Collector of folklore from the area of soudiern Illinois known as “Egypt.” A folklorist by
avocation rather than profession, Smith did most of her work after retiring in 1938 from
the University of Iowa, where she had worked as a teacher, editor, and writer.
In 1946 Smith helped organize the Carbondale-based Illinois Folklore Society, which
remained active until 1962. She was the society’s president, a member of its board of
directors, and a contributor to its newsletter. She was also active in the American
Folklore Society, serving as a councilor from 1952 through 1957.
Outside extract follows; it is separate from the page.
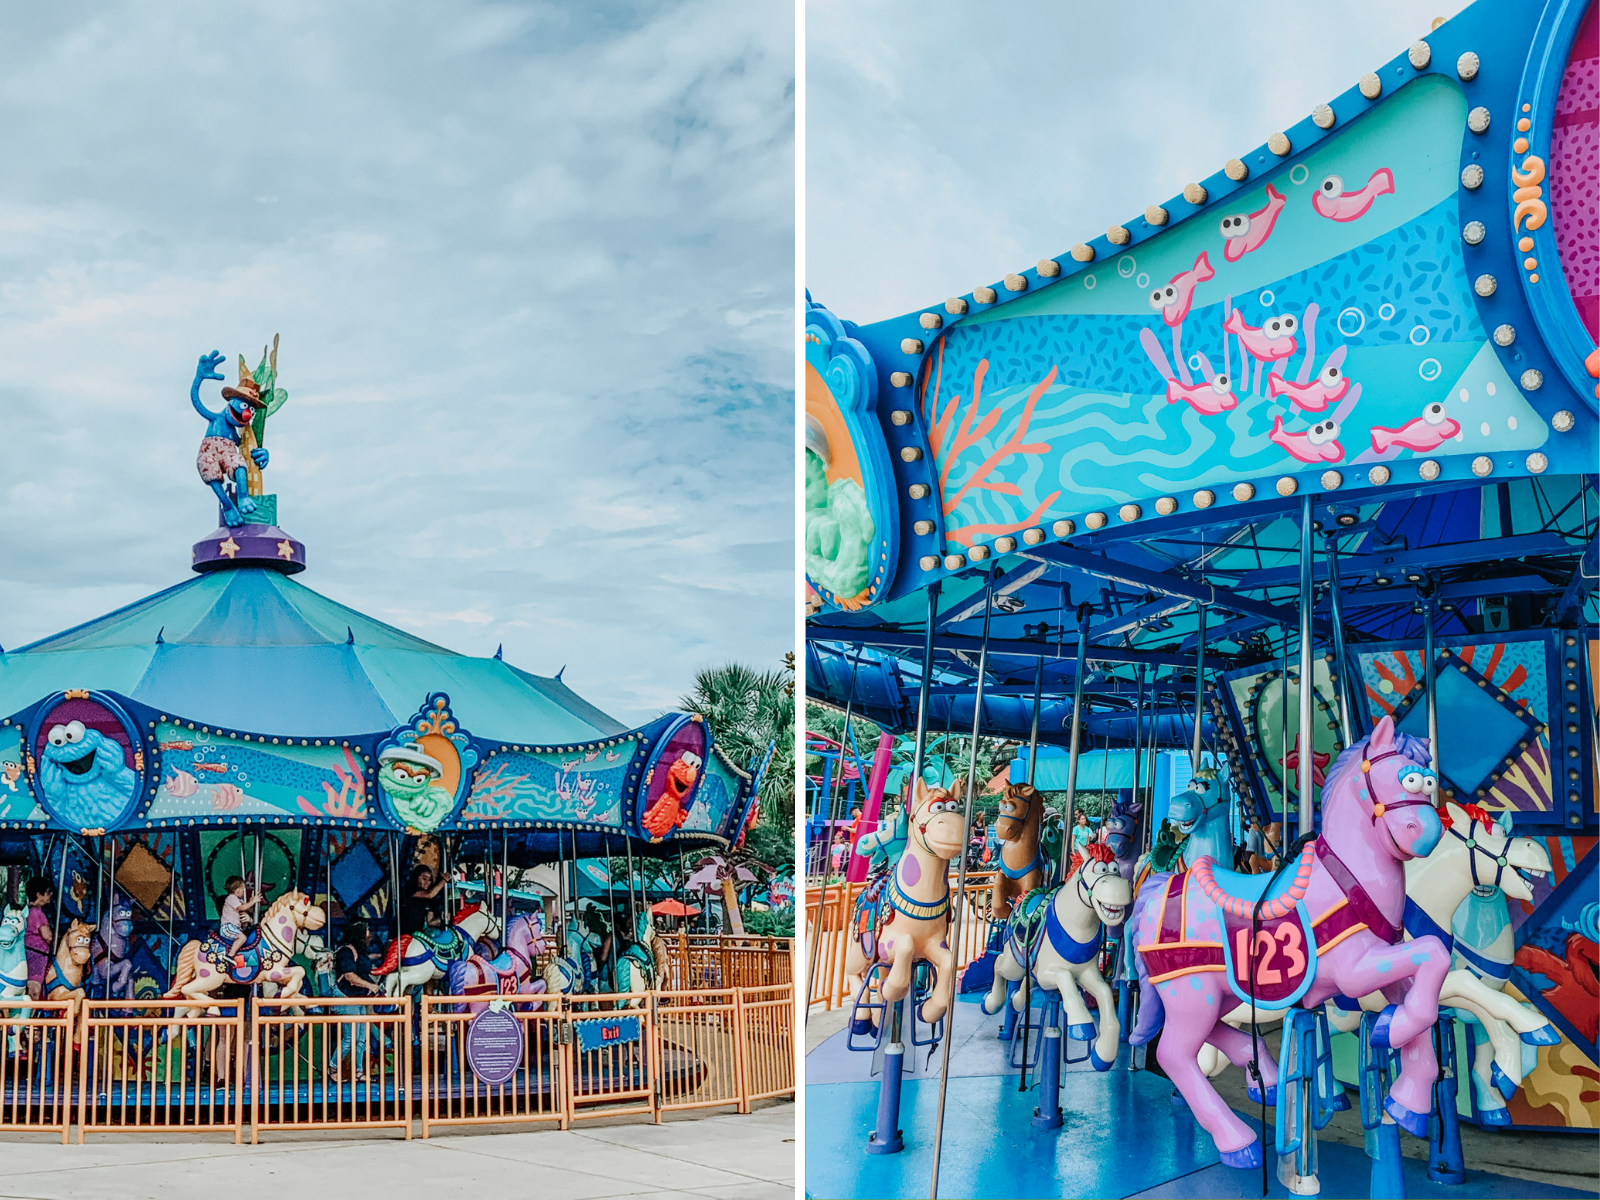 Top 10 Kid Friendly Activities in San Antonio by popular Texas travel blog, Lone Star Looking Glass: image of a carousel at Sea World San Antonio.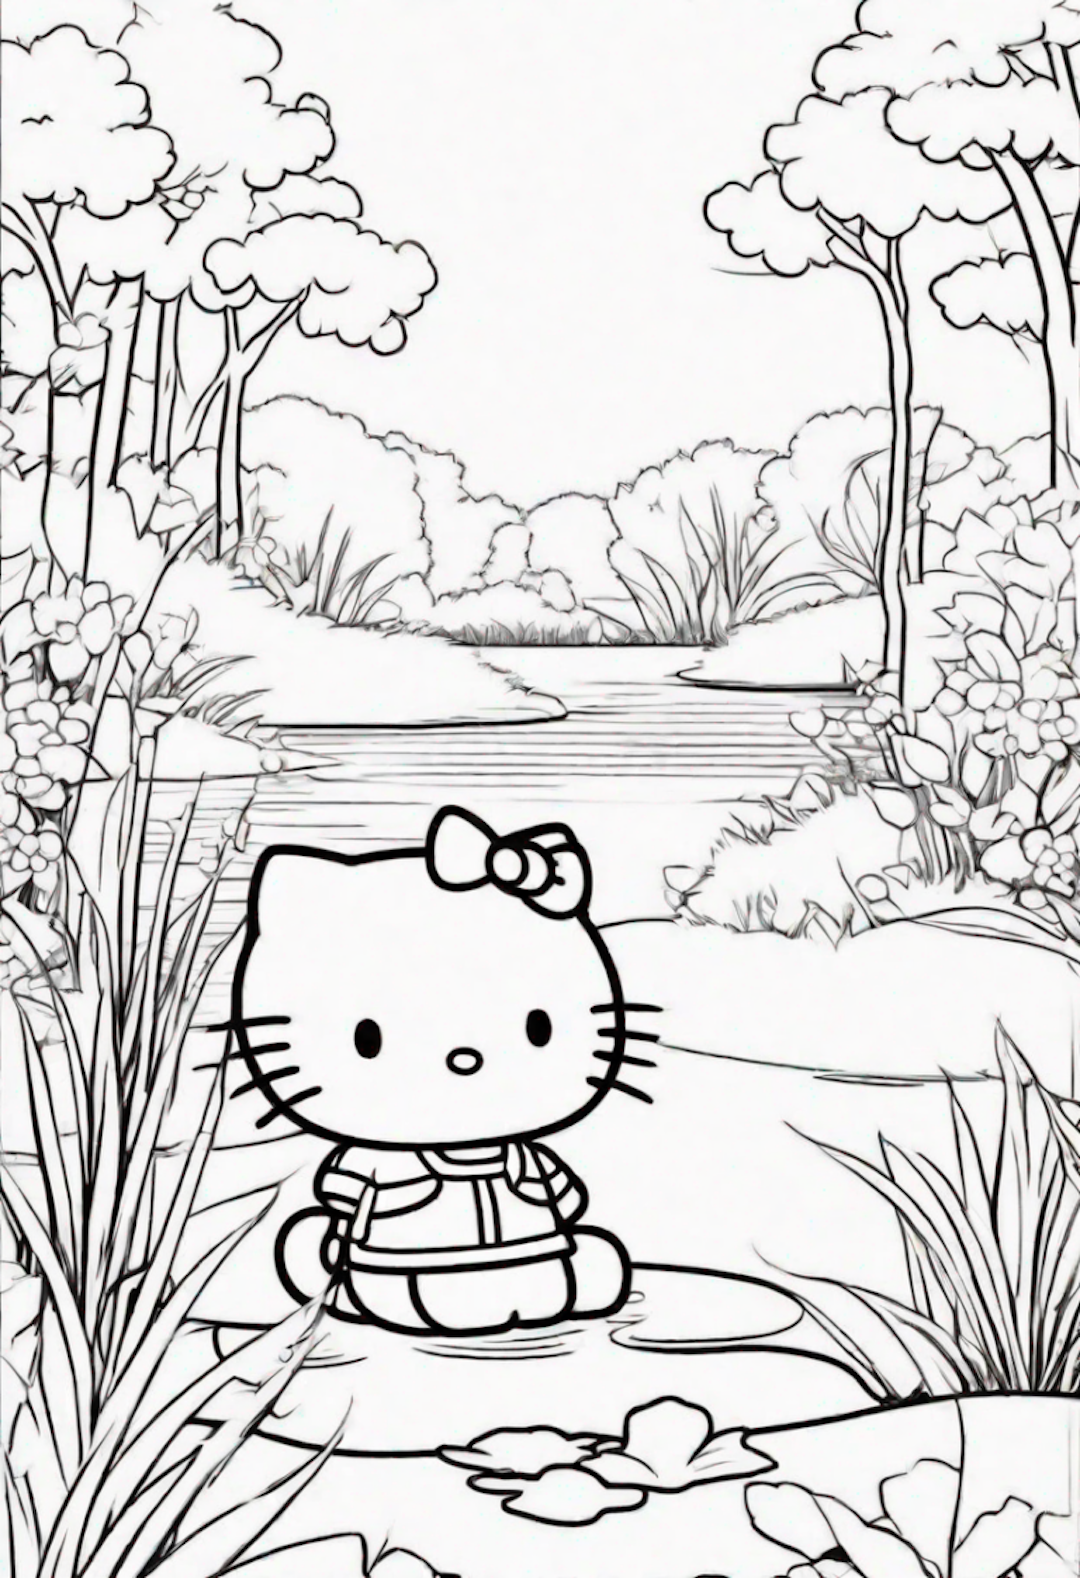 Hello Kitty at a Pond coloring pages

Smith’s published works include short articles on proverbs, folksongs, children’s
folklore, narratives, beliefs, and folk speech. She had a special fondness for supernatural
materials, tall tales, humorous anecdotes, and slang. In addition to studies of Illinois
folklore, Smith researched the traditions of her own New England family and published
studies of folk motifs in literature. She contributed forty-three short entries on folk belief
and superstition to Funk and Wagnalls Standard Dictionary of Folklore, Mythology, and
Legend (1949–1950).
Although known as a regionalist, Smith took a comparative approach, tracing the
history and origins of the materials she collected. She was influenced in part by her sonin-law, Alexander Haggerty Krappe, and her work is typical of the then current literary
approach to folklore. Smith was one of the first folklorists to note the appearance of
folktale elements in modern comics. Her work with her own family’s traditions
anticipated later interest in family folklore.
Anne Burson-Tolpin
References
Burson-Tolpin, Anne. Forthcoming. Grace Partridge Smith. In Notable Women in American
Folklore, ed. Susan Kalcik and W.K.McNeil. American Folklore Centennial Volume.
Knoxville: University of Tennessee Press.
Leach, MacEdward. 1960. Grace Partridge Smith: Obituary. Journal of American Folklore 73:154.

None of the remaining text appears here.